Aging Gracefully & Defiantly…
Aging Gracefully and Defiantly
I work in a community where women and men take care of themselves. They eat well, take care of their skin and bodies, seek various methods of training and nutritional programs that will help them feel and look better. They also utilize other age defying methods like plastic surgery to stay and feel youthful. There is nothing wrong with any of this! It is inspiring to see so many people work hard to stay as young and healthy as they can.
Taking care of yourself will help you stay, feel, and look young. However, spectrum of “taking care of yourself” is vast and can lead to overdoing it. We all want to look great as we age and we all want our quality of life to be positively sustained as we age. However, your quality of life gets disturbed when all you think about is not eating or over exercising or going to change your face so much that you become unrecognizable to others. This happens a lot. At least in my community.
I try to be different. I was raised by immigrants and we were poor. There was no time for self care or age defying products and methods. Our goal was to survive and flourish through our hard work and education. And that we did! But in the process of making a better life for ourselves, we were taught to always try to look our best and take care of our appearance because that showed respect to ourself and others. There was an ease to this. It was effortless. We used what we had available to us to look and feel great. There was no pressure or judgment. If anything, this easy attempt to look nice became our norm and a way to life. But there was balance. Our looks did not define us. Nor did our clothes. I saw my parents age and still look great because they owned their years and did the best they could to stay beautiful. And they did. This was my childhood. There was no excess in anything! Just hard work!
When I entered a more privileged community, I had access to every and any age defying product that existed. But somehow, I remembered how I was raised, with moderation being an important value, and sought balance as opposed to overindulgence.
I am 54 years old and I want to look good and sustain myself as a beautiful, strong, healthy woman. But the truth is, I’m getting older and love what age has delivered on my platter. I am wise, confident, aware, compassionate, able to share myself and receive what others want to share with me. I am open to success and failure because I know I can get to the other side of anything.
So I am happy with how I have evolved as a person. Now, physically things are changing and that is ok. I believe there should be an acceptance to age. There is nothing more beautiful to me than an older woman who walks into the room and she is proud and graceful and comfortable with herself. To see a woman like this inspires the question: “what has she been through, what has she conquered, and what can I do to be her when I walk into the room a couple of years from now?” I want to be this woman, a role model to other women.

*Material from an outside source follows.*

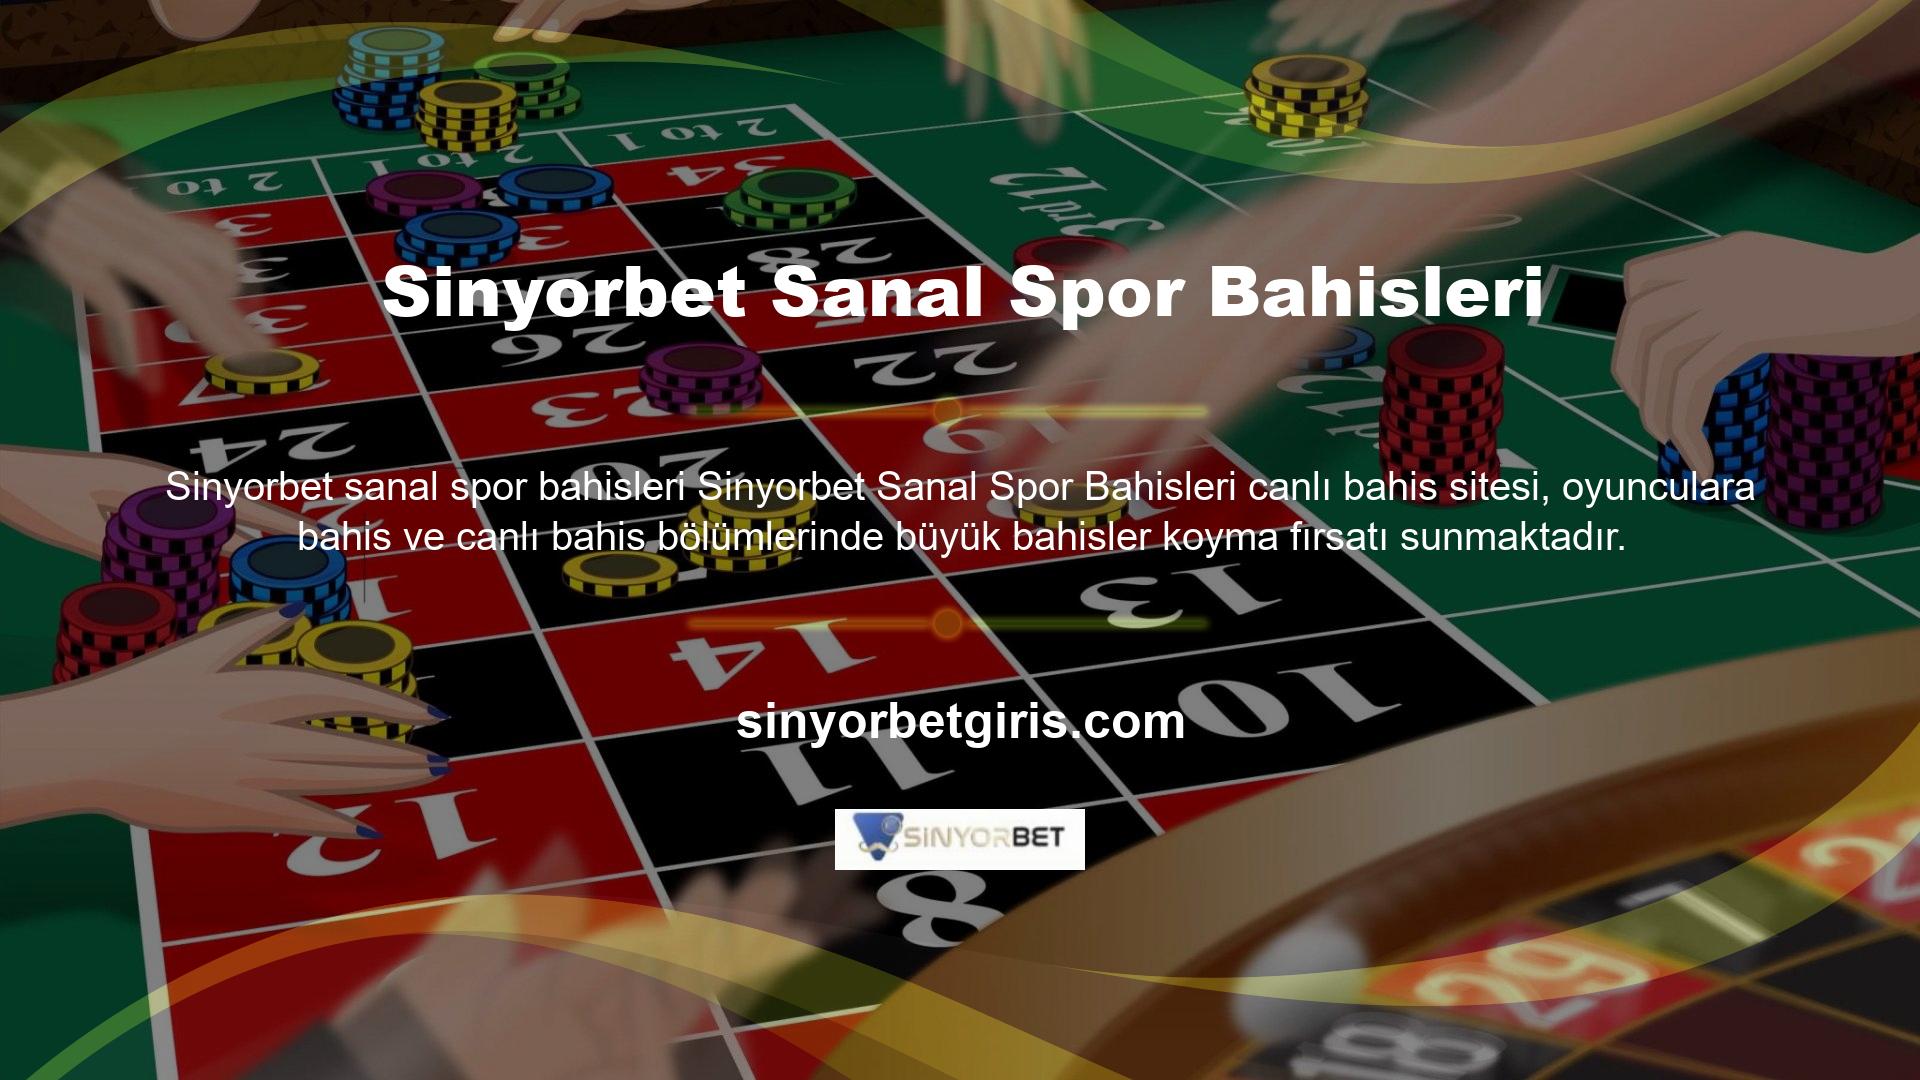 Ayrıca Sinyorbet Canlı Casino web sitesi, son yıllarda tanınan en iyi sanal bahisleri içeren bir sanal bahis kategorisine erişmenizi sağlar

A woman who ages gracefully, accepts her age and owns that every one of her steps has been earned. She knows it! No one can chip at her because she is solid and secure with herself and she ultimately knows that even if someone tries to bring her down, or life brings her down, she will get right back up! This is the woman I want to be! This woman has aged gracefully!
Now don’t get me wrong…. I said that this woman is beautiful! When I say age gracefully, I don’t mean let yourself go and accept whatever age brings. I believe you should use everything in your reach with moderation as your guiding principle, to help you feel and look better. Take care of your body, your skin, eat healthy, have connecting relationships, feed your soul with good books and knowledge and conversation with peers who love you. Connect and help others as much as you can. Look in the mirror and love what you see with compassion and gentleness. If you want plastic surgery, do it. Just be mindful of getting sucked into the world of excess and obsession. Everything in moderation! That is what I was taught. I believe it helps the body and soul stay healthy. Don’t forbid yourself from enjoying life!
Aging gracefully to me is about an understanding of who you are! It’s about acceptance and a great appreciation of your life, your worth and your love. Be kind to yourself and appreciate your days on this earth. But do whatever you can to feel and look good. Do the best you can! And never compare yourself to anyone else. No one has earned your specific years but you! Be that beautiful older woman that walks into the room!